4 Experimental design and performance evaluation
4.1 Experimental materials
The public datasets selected in this paper are Undefine Classes of 101 (UCF101) dataset and Human Motion Database 51 (HMDB51) dataset, which provide rich and diverse video samples for researchers and provide strong support for developing and evaluating motion recognition algorithms. UCF101 dataset is a large-scale video motion recognition dataset, covering 101 different types of motion categories. The dataset contains 101 action categories, covering all kinds of daily activities (such as making phone calls and listening to music) and sports (such as basketball and football). There are about 13,320 video clips, of which each category contains at least 25 video samples. HMDB51 dataset contains 51 different types of action categories, covering a wide range of daily activities and sports. The HMDB51 dataset contains about 7,000 video clips, of which each category contains at least 100 video samples.

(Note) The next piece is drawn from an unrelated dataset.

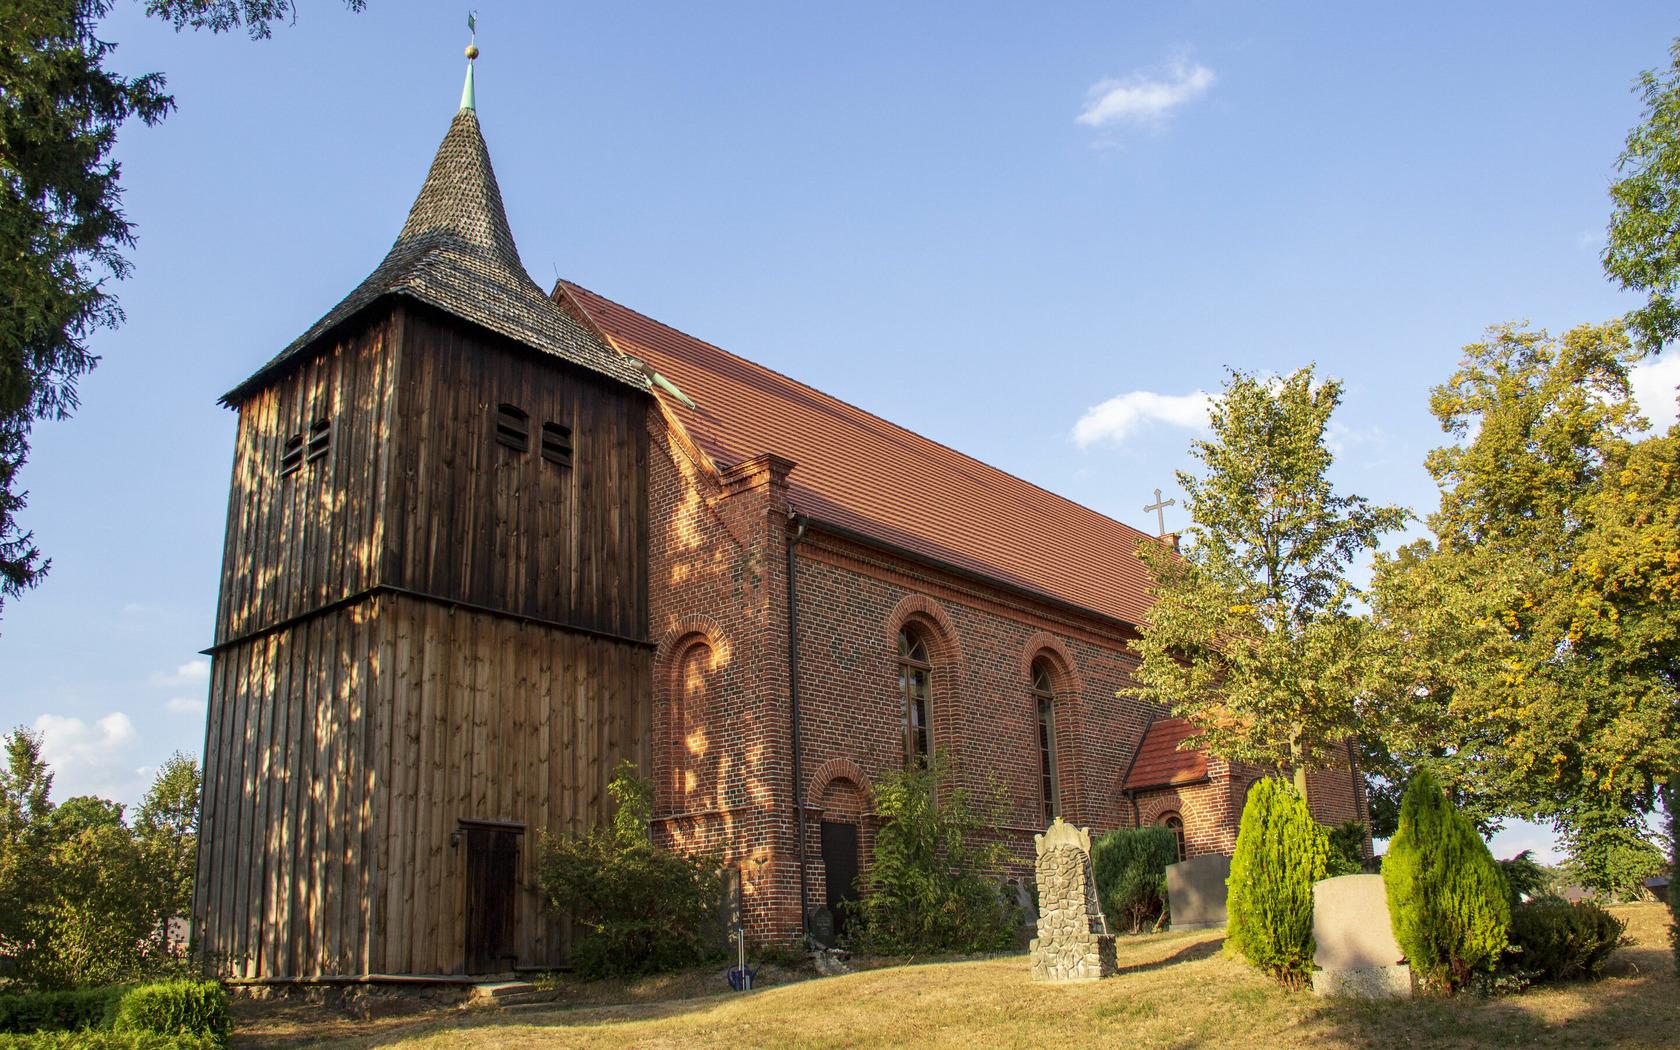 Kirche Grano, Foto: TMB-Fotoarchiv/ScottyScout

In the experiment, the dataset is divided into training set and test set by random division.
4.2 Experimental environment and parameters setting
The experimental environment is shown in Table 2.
Table 2. Experimental environment.
| Device type | Parameter |
|---|---|
| Processor | Inter(R) Xeon(R) CPU E5-2620 v4 @ 2.10GHz |
| GPU (Graphics processing unit) | NVIDIA Titan Xp 12GB |
| Internal storage | 128 GB |
| Programming language | Python 3.6 |
| Technical framework | Py Torch 1.7.0 DL framework |
| Operating system | Ubuntu 16.04 LTS |
K-fold cross-validation method is adopted in the experiment to obtain the classification performance of the motion recognition algorithm on the corresponding datasets. In the experiment, the K value is 10, the data range is selected (0,1), the data dimension is set to 1,000, the learning rate is 0.0001, the training period is 40, the weight attenuation is 0.0001, the size of the input image is 288*192, and the data batch size is 64. In the comparative experiment, this paper chooses five classifiers for experiments, namely Support Vector Machine (SVM), Regressive Function (RF), K-Nearest Neighbor (KNN), Multinomial Naive Bayes (MNB) and Gaussian Naive Bayes (GNB). The penalty term of SVM is 20 and the coefficient of kernel function is 5. The number of RF trees is 20, the maximum depth of trees is 7, and the minimum number of samples required for internal node division is 5. The number of nearest neighbor samples selected by KNN is 10, the weight type is uniform, and the algorithm for calculating nearest neighbor is brute. The smoothing parameter of MNB is set to 0.5, and the GNB parameter need not be adjusted.
4.3 Performance evaluation
Firstly, the optimization algorithm is used to perform feature selection for 24 features extracted from the object detection model, and the search results of the feature subset are shown in Fig 8.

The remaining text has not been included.